Abstract

Performing Greek Drama in Oxford traces enduring connections between antiquity and dramatic performance in modern Oxford, discussing landmark events from the 16th century to the 1970s. This performance history of classical texts, especially those by the Greek dramatists, illuminates contemporary responses to debates on such matters as the position of women students, the dangers perceived to be associated with undergraduate acting and the position of classics within the curriculum at the University of Oxford. The book consistently engages with the history of theatrical performance of ancient plays beyond Oxford, for example, John Masefield’s Boars Hill Players, Penelope Wheeler’s Greek plays at the Front, and the link with the London stage through companies touring to Oxford, such as that led by Sybil Thorndike.
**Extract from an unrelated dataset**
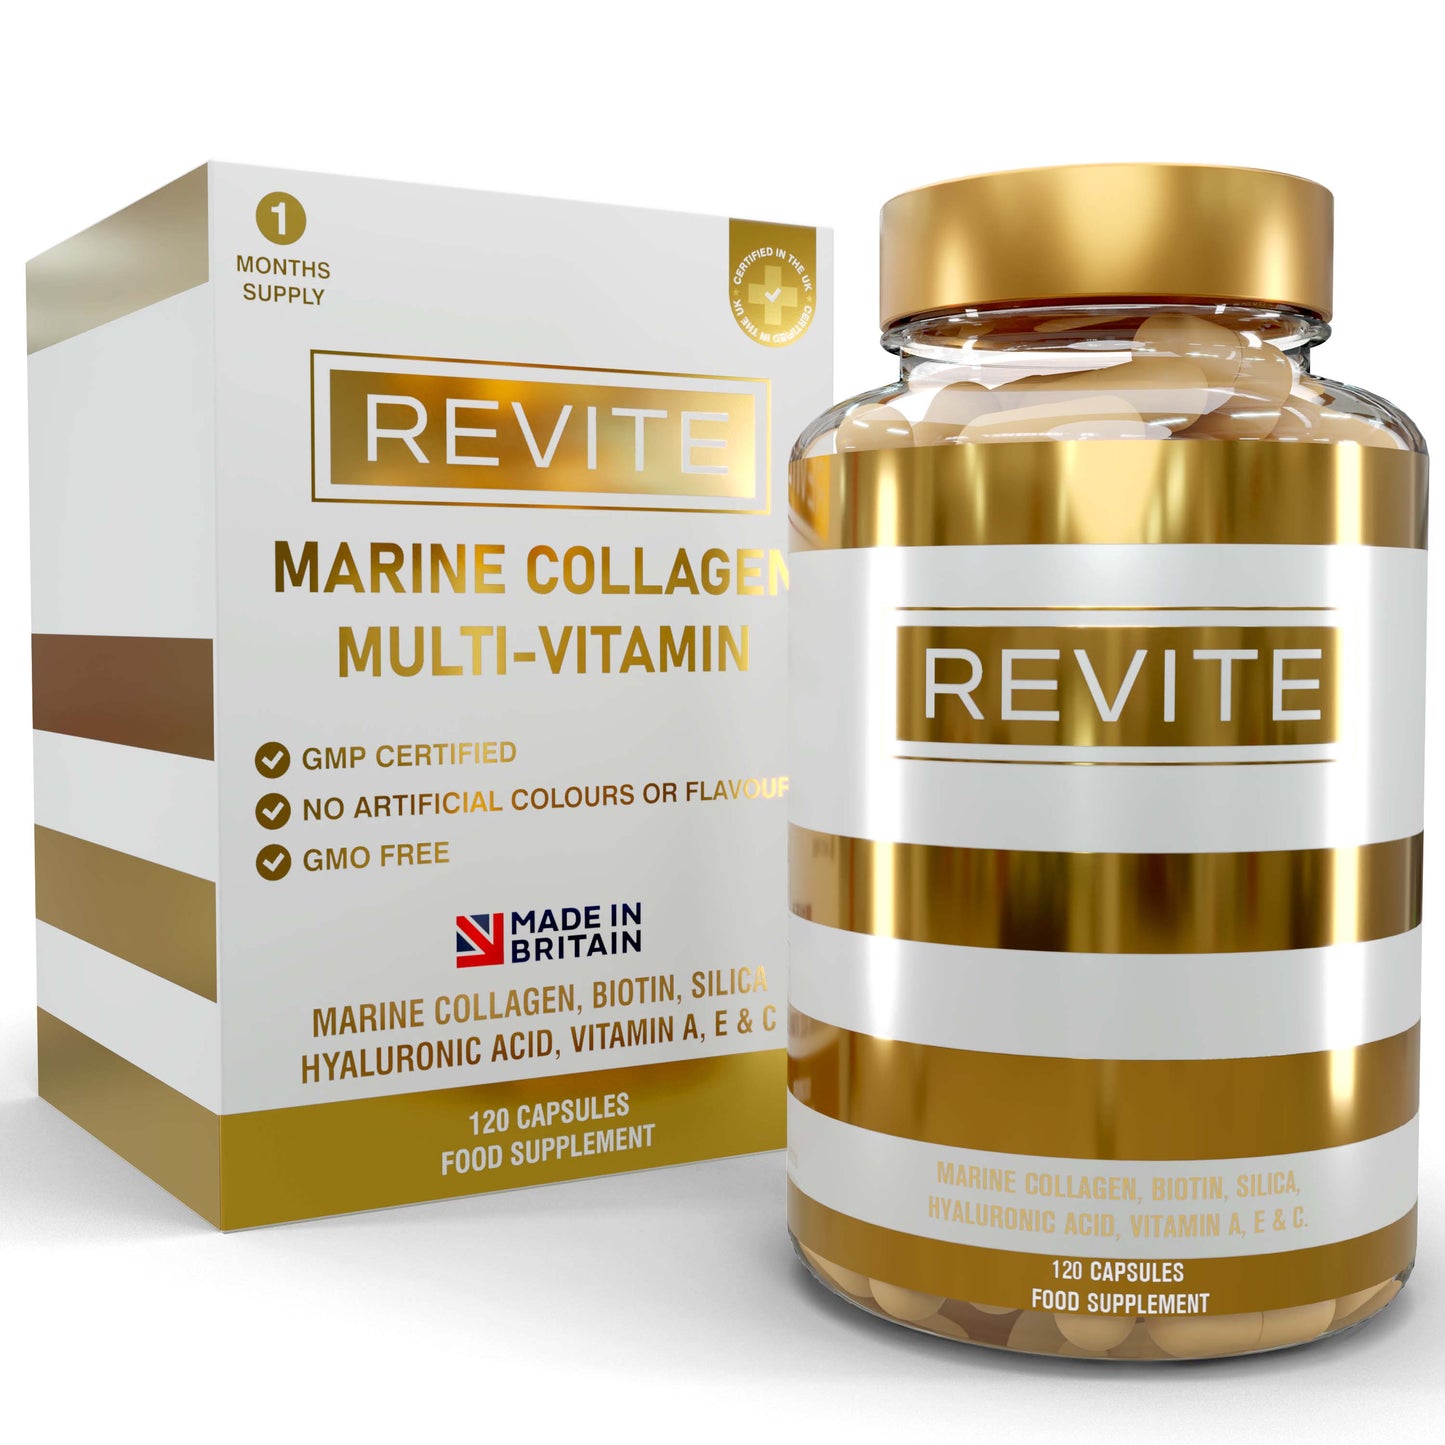 REVITE Marine Collagen Multivitamin - Collagen (marine), Biotin, Silica, Vitamin A, E and C.
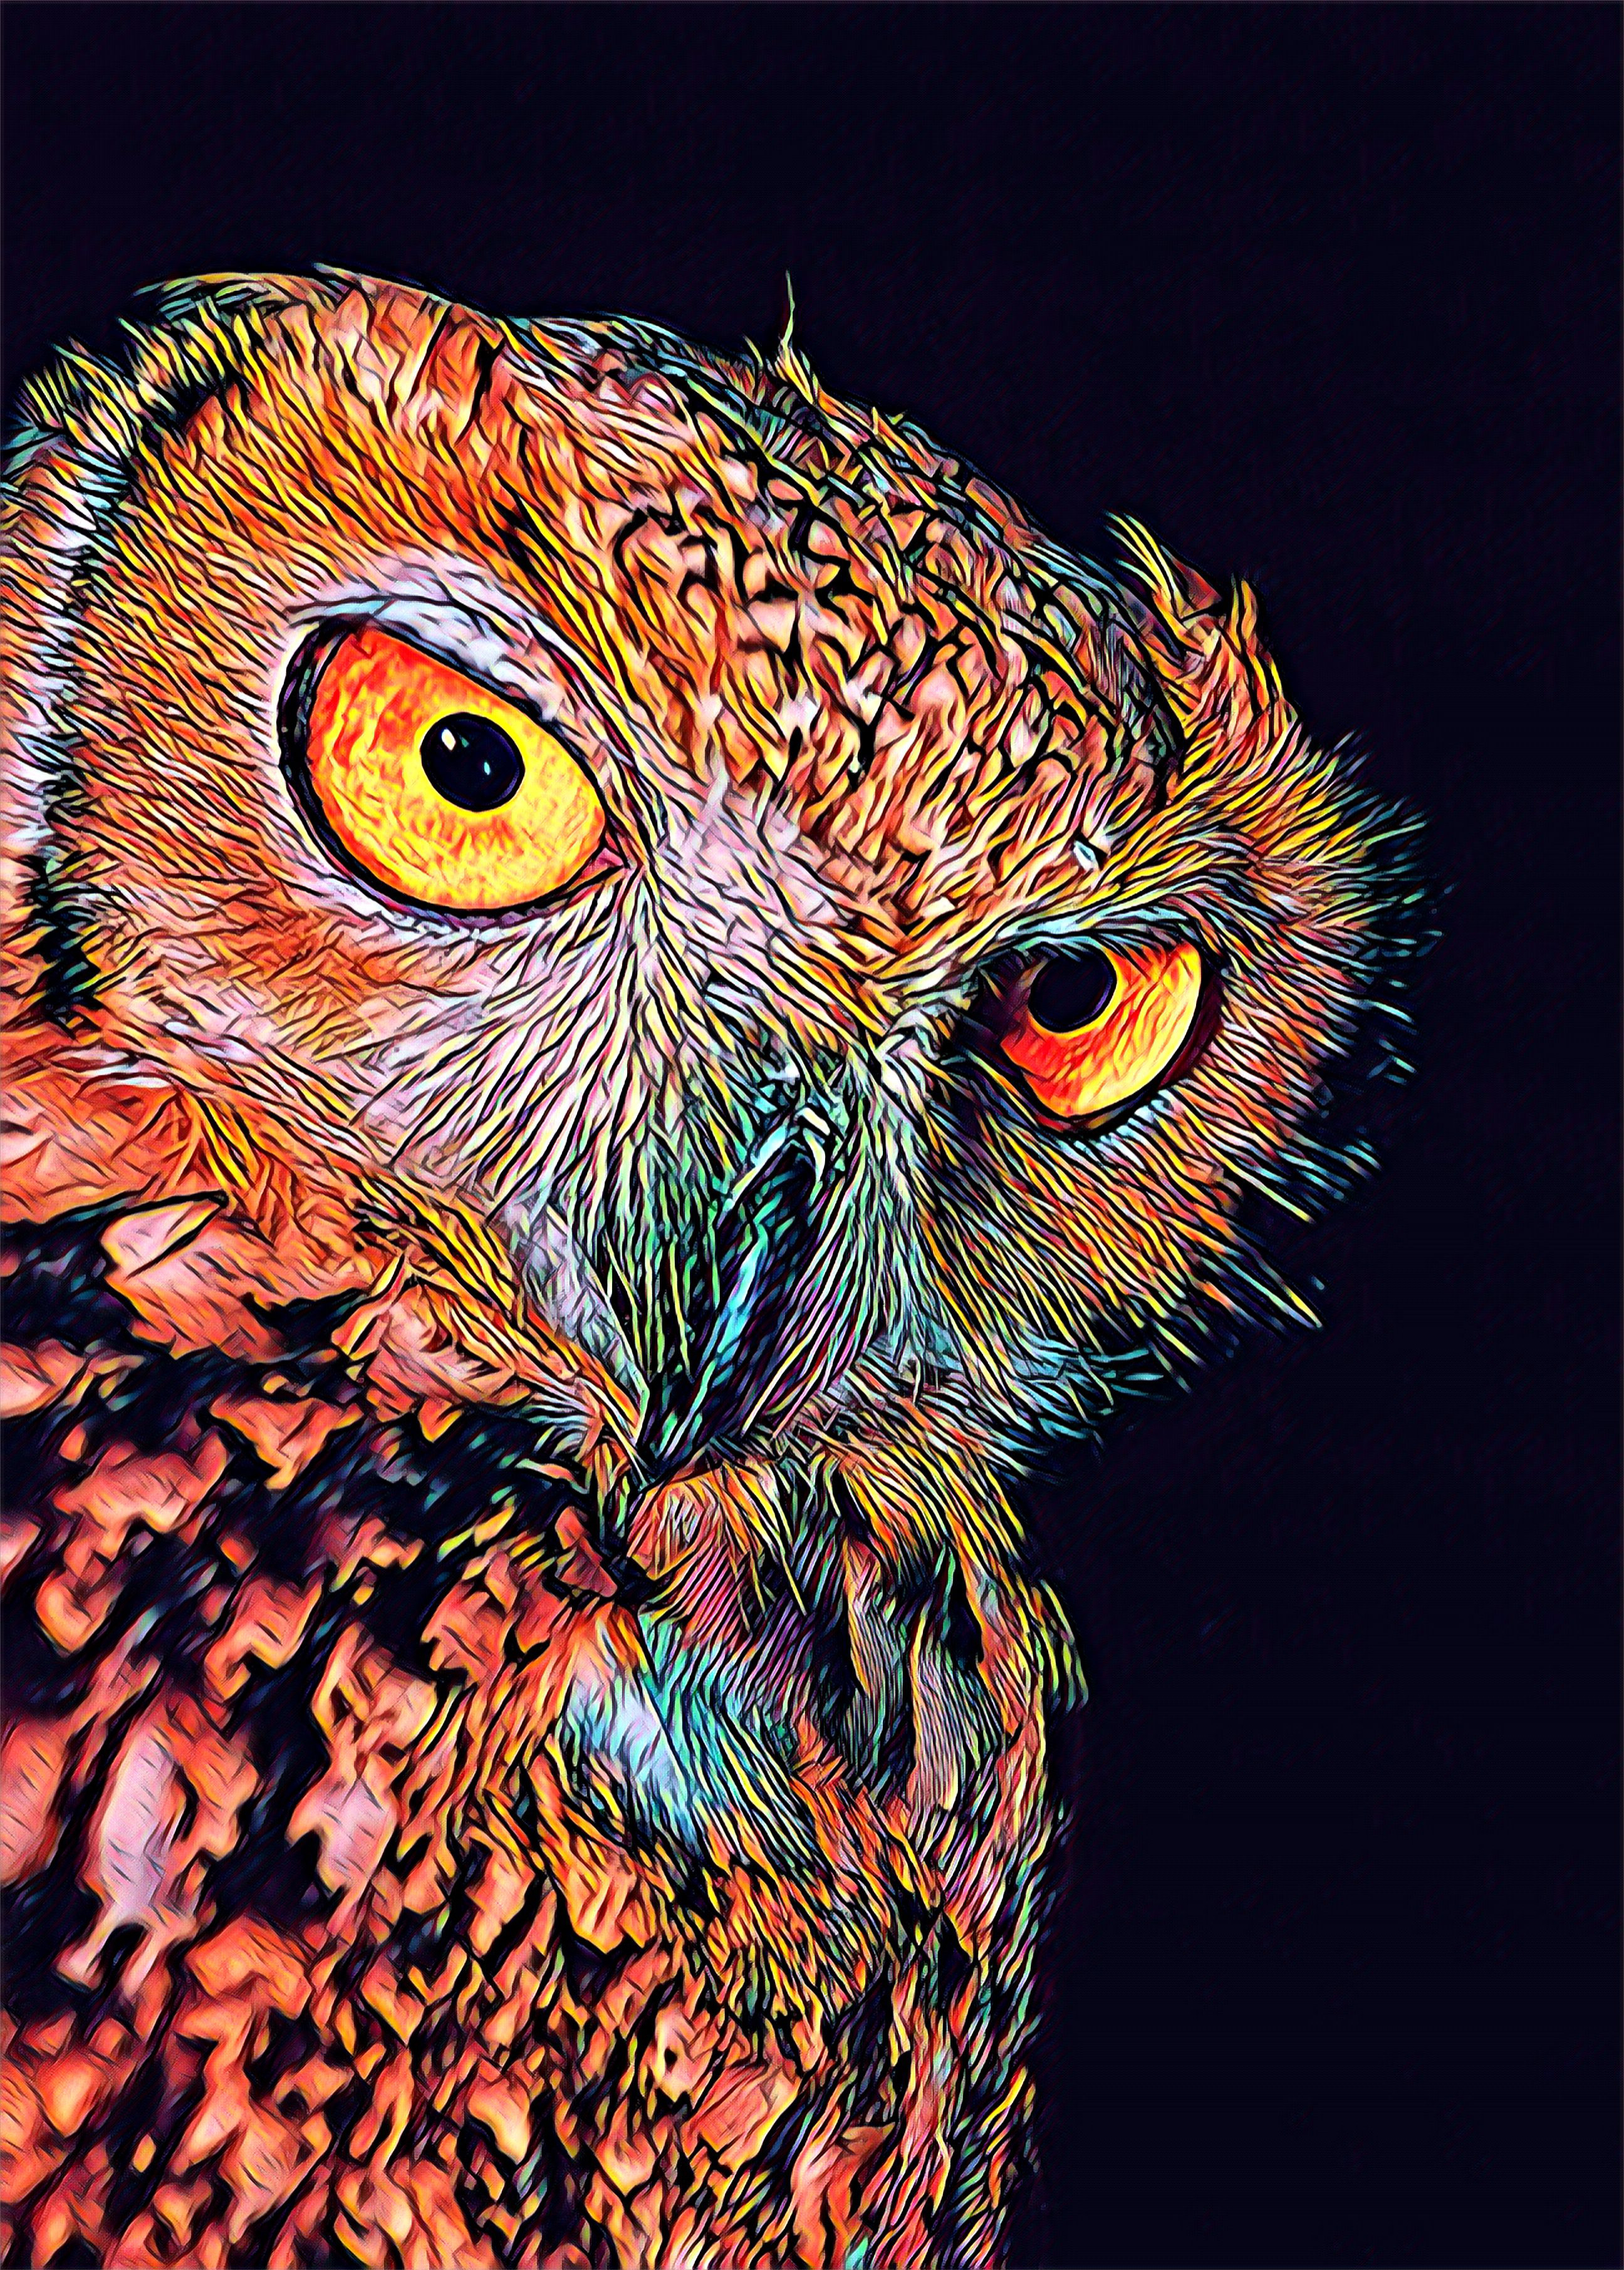 Owl photo

Many of these engagements with Greek drama were facilitated by the connection with the classical scholar Gilbert Murray, who plays a central part in the history. The final chapters tell the story of the Balliol Players, a group of students who, fired by the post-war missionary enthusiasm of the early 1920s and supported by the elderly Thomas Hardy, determined to take Greek plays in translation to school and public audiences in the south and west of England in their summer vacations. Born from a socially idealistic impulse, the tradition lasted for over five decades, during which time these summer tours evolved from earnest productions of tragedy to satirical and irreverent re-writings of Aristophanes, typical of the spirit of the 1960s.